Recombinant forms are synthesized using yeast (Saccharomyces cerevisiae) or E. coli expression systems with N-terminal His tags for affinity chromatography . Key production parameters include:
Expression Optimization: Low yields in yeast systems (e.g., 0.1–1.0 mg/mL) necessitate codon optimization or alternative hosts .
Functional Redundancy: Overlapping roles with other CASP-like proteins (e.g., GmCASP-like 1, 8) complicate gene-specific analyses .
In Vivo Validation: CRISPR/Cas9 knockout studies in soybean are needed to confirm roles in Casparian strip formation .
KEGG: gmx:100776930
UniGene: Gma.36802
Glycine max CASP-like protein 9 belongs to the family of cysteine proteases found in soybeans (Glycine max).
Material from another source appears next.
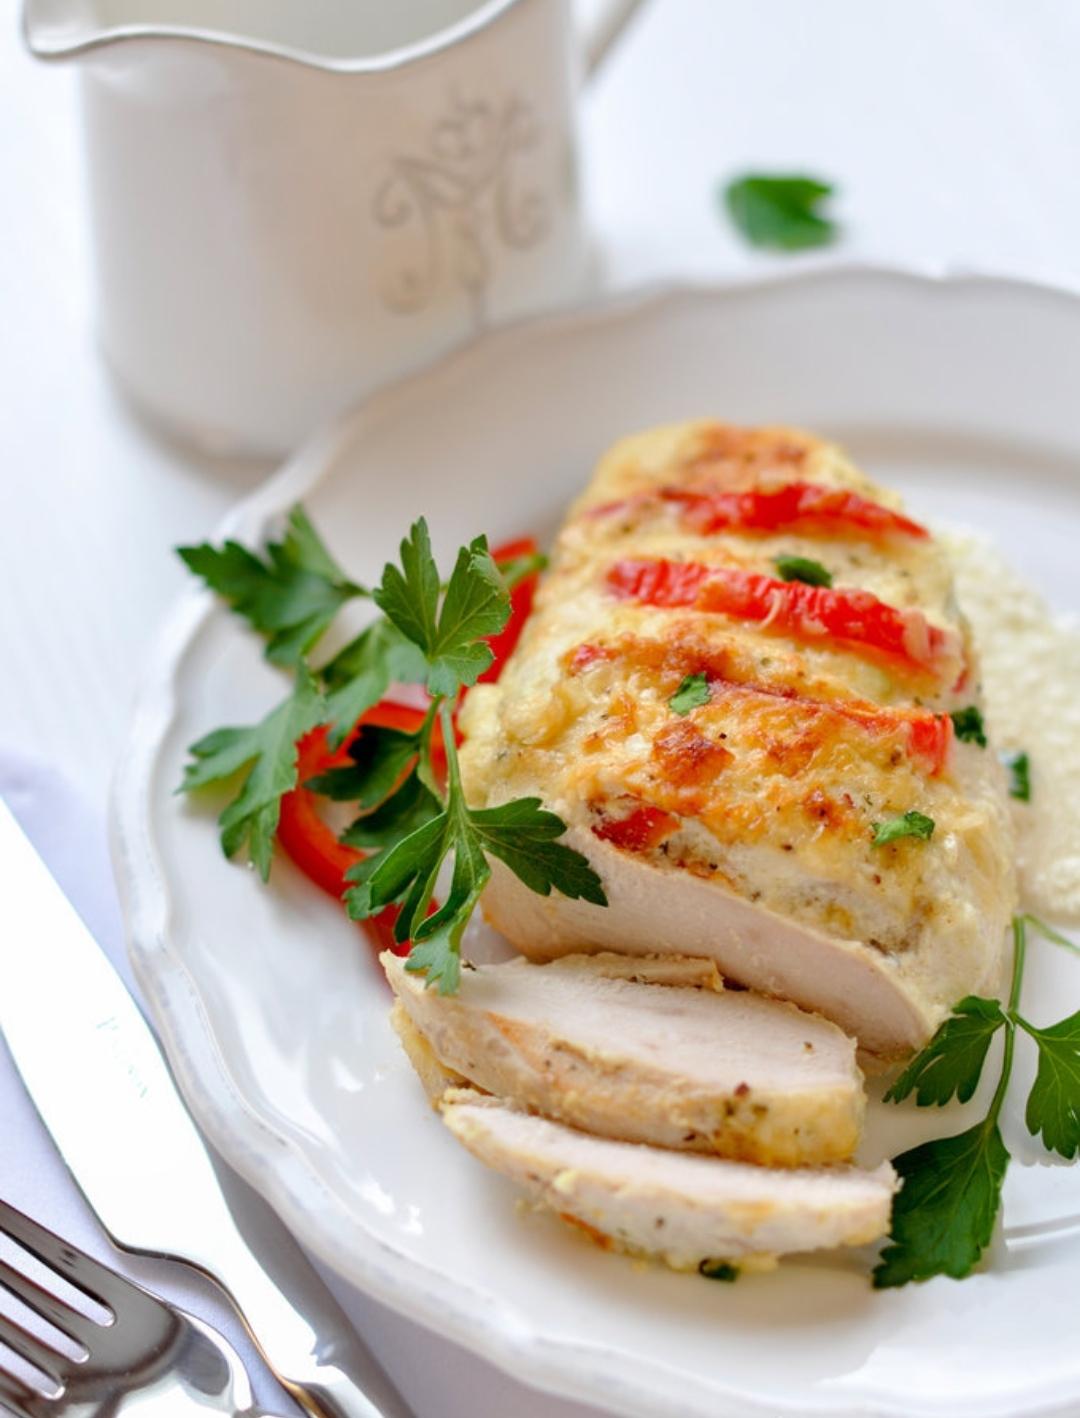 Chicken breast in sour cream sauce
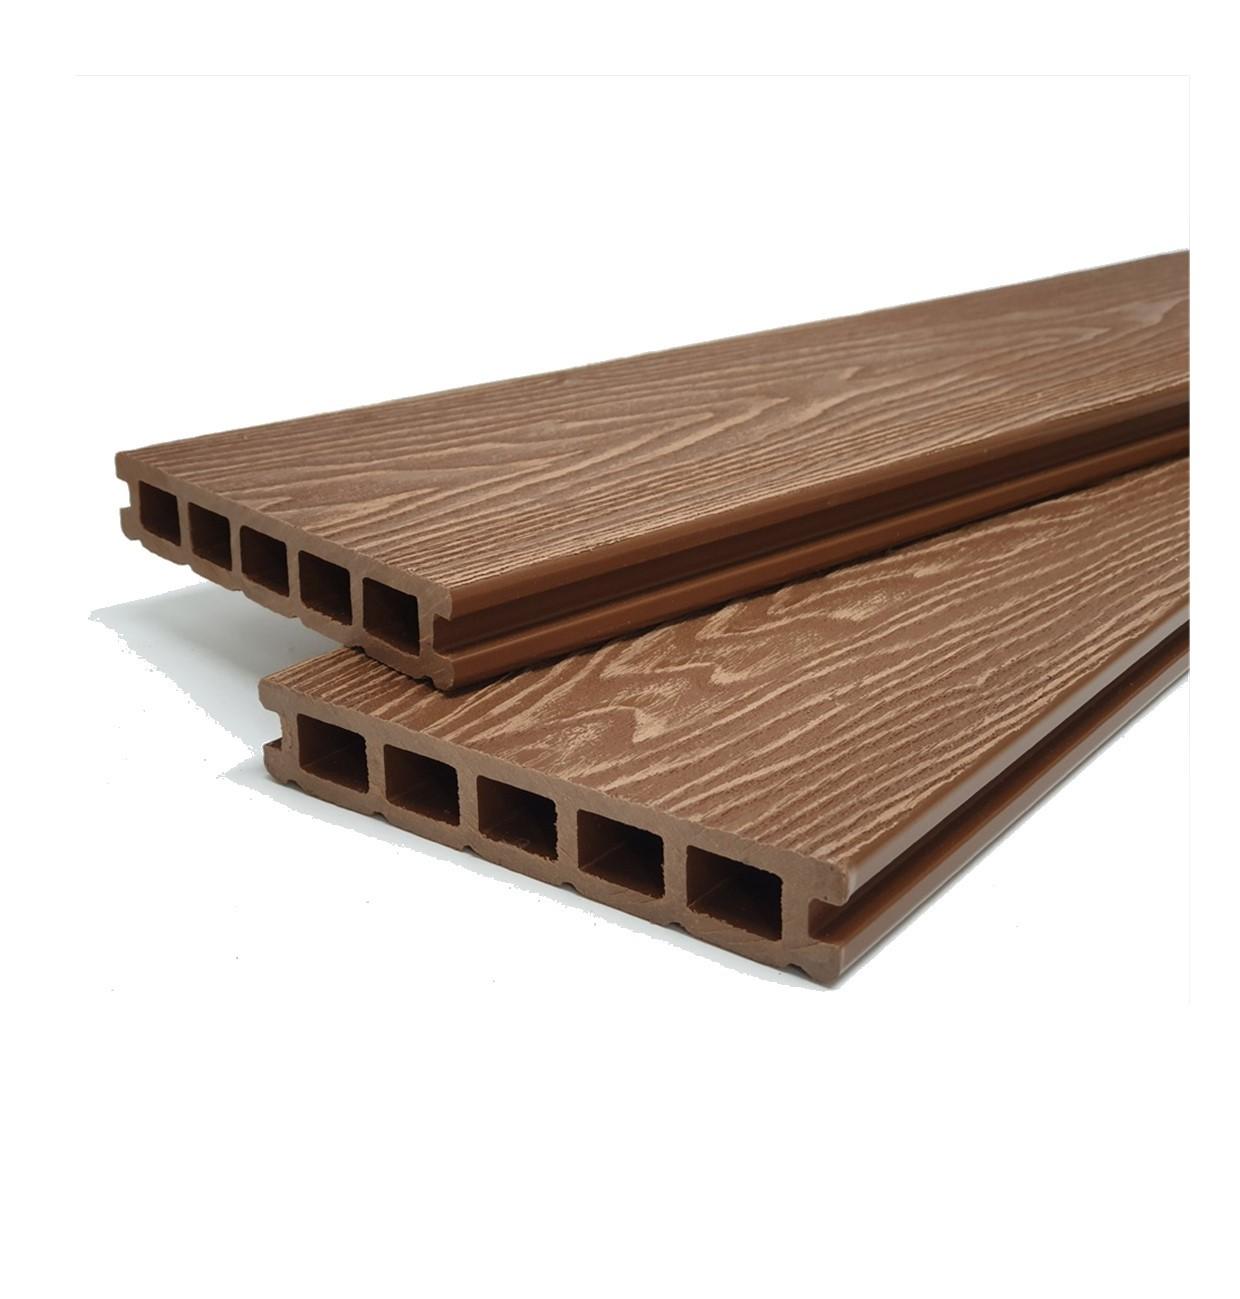 Teak Brown Reversible Woodgrain Composite Decking Kit 3.6m Boards (Price per sqm/£27 per board)

These proteins share structural similarities with other CASP (Cysteine ASPartate proteases) family proteins that have been extensively studied in various organisms. While specific information on Glycine max CASP-like protein 9 is limited in the current literature, structural assessment frameworks such as those used in CASP (Critical Assessment of Protein Structure Prediction) competitions provide valuable insights into how these proteins are classified .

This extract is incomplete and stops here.